What this task involves: Your reply is to be the lines below, exactly as written, with images omitted.

Dataset section:
>>>
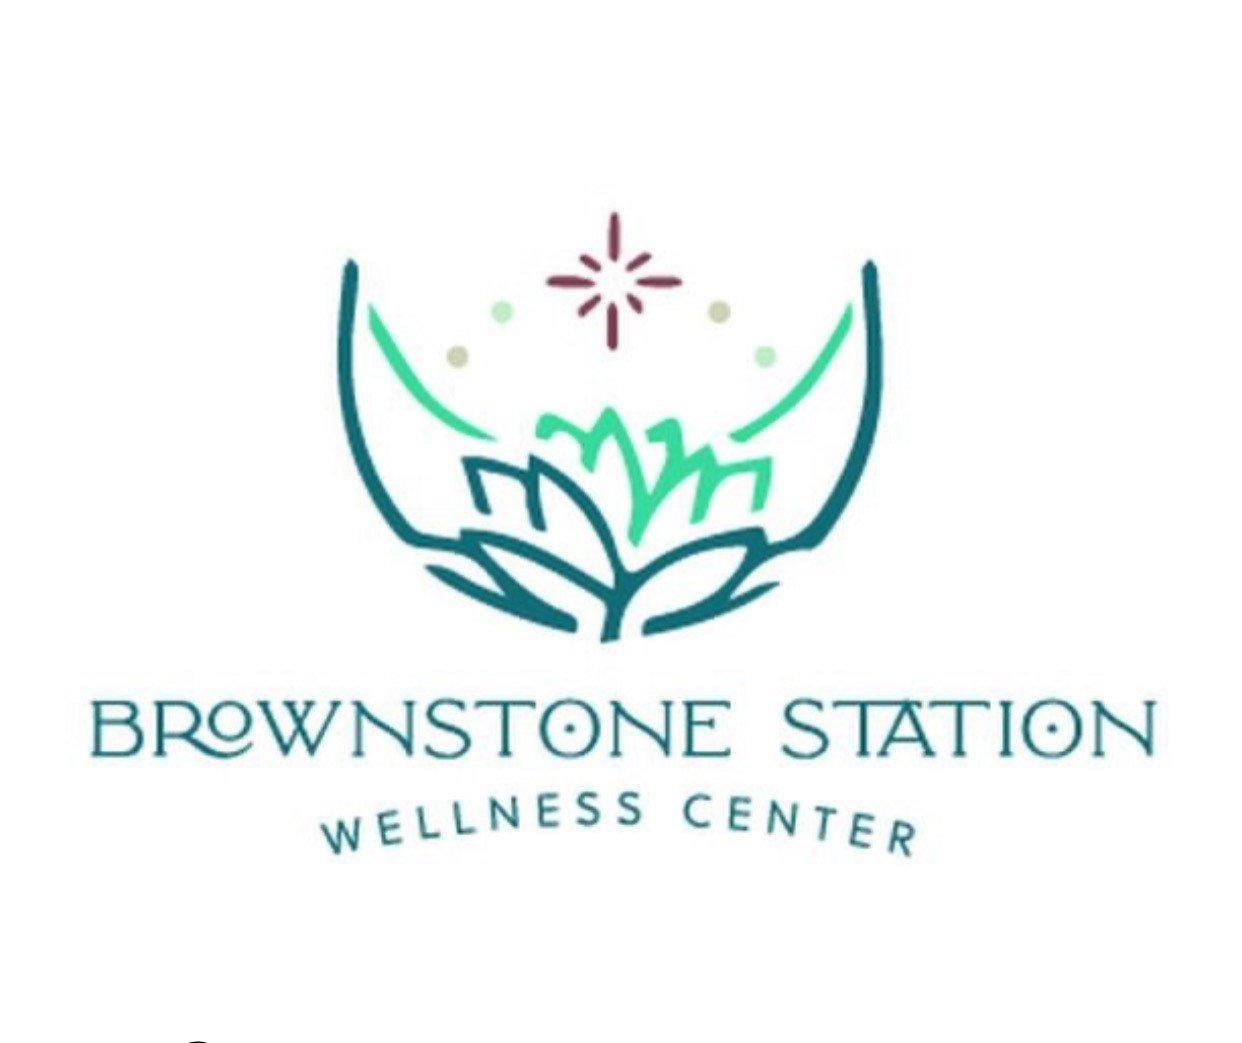 Brownstone station
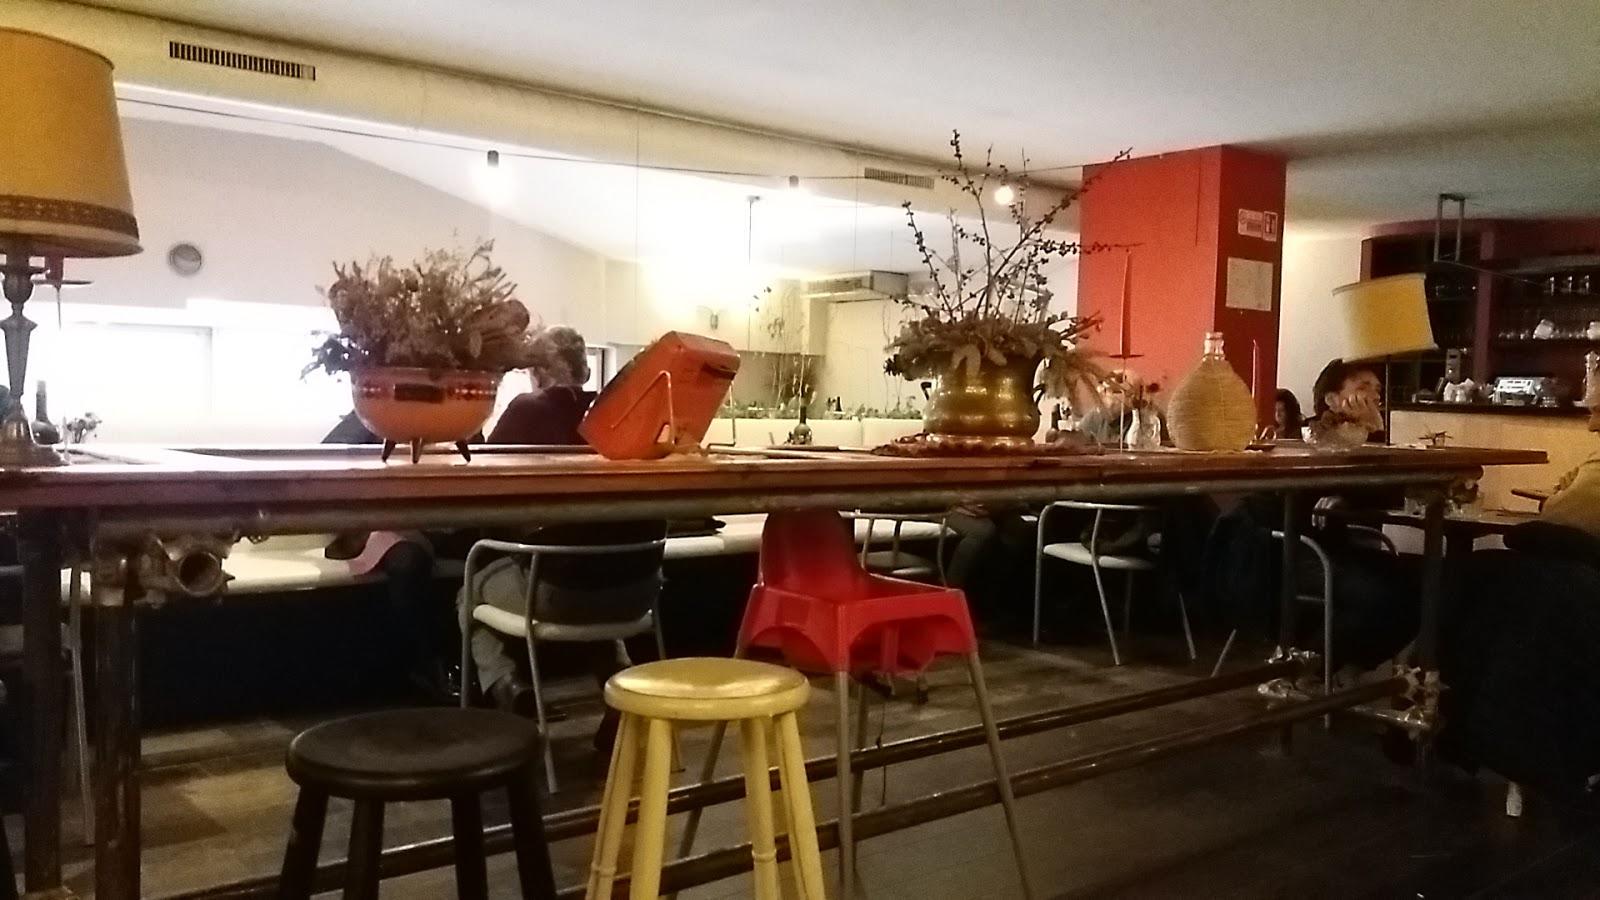 Bar Arredati Con Pallet mix bistrò • ioscelgoveg
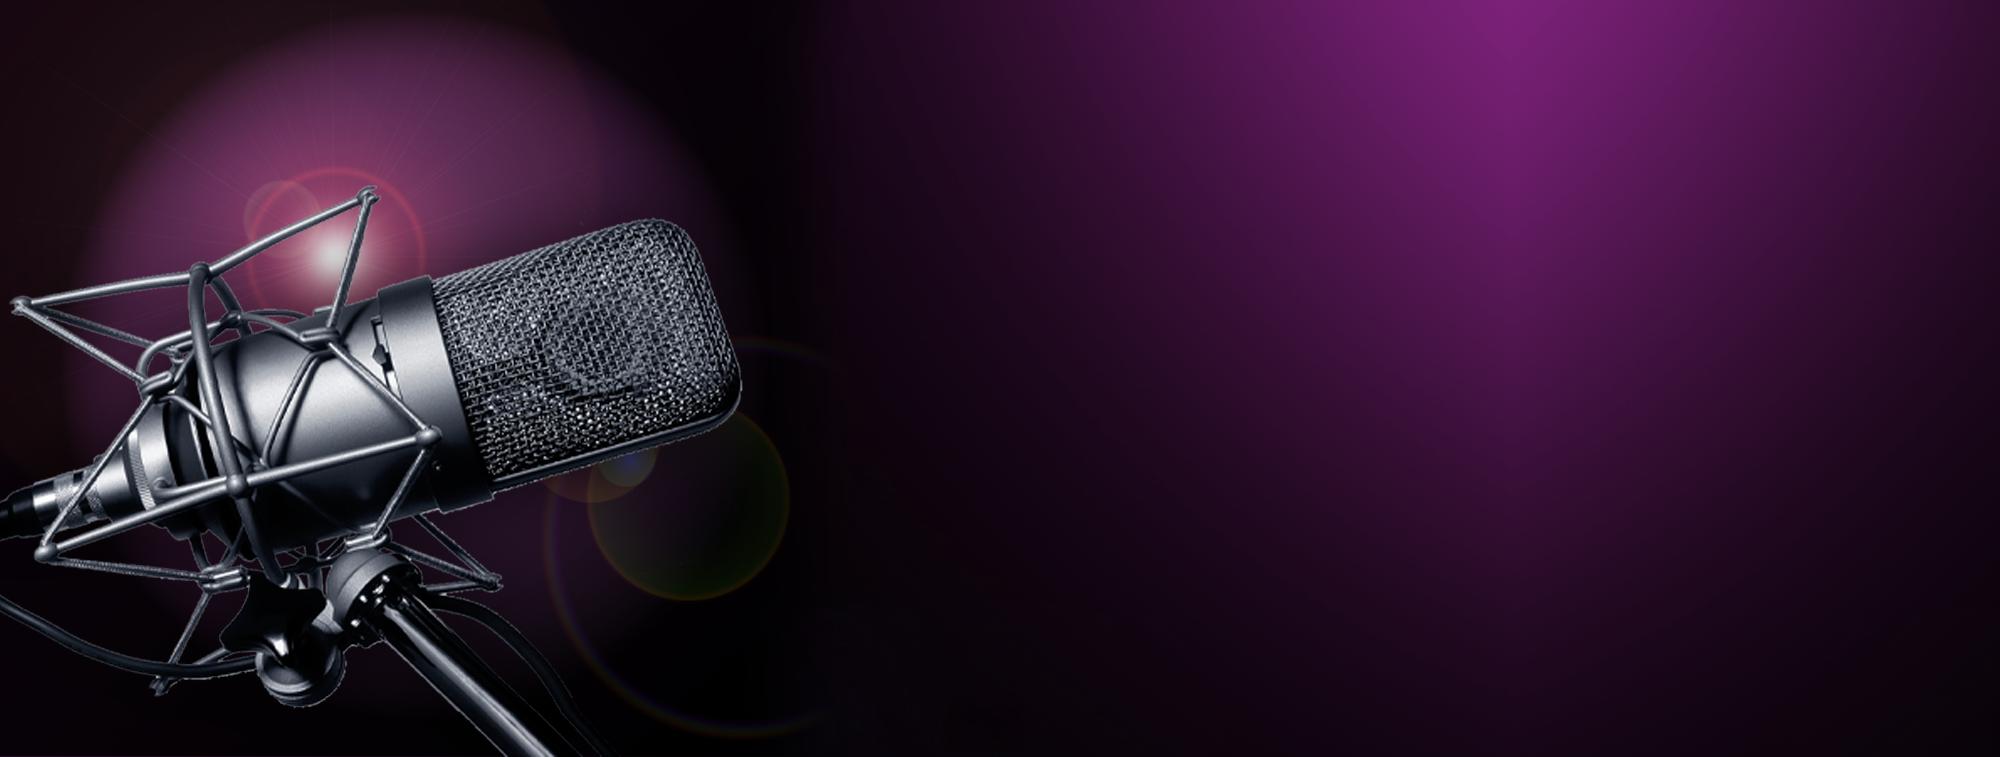 Microfono-1-Fondo
<<<
Answer section:
 Brownstone station
 Bar Arredati Con Pallet mix bistrò • ioscelgoveg
 Microfono-1-Fondo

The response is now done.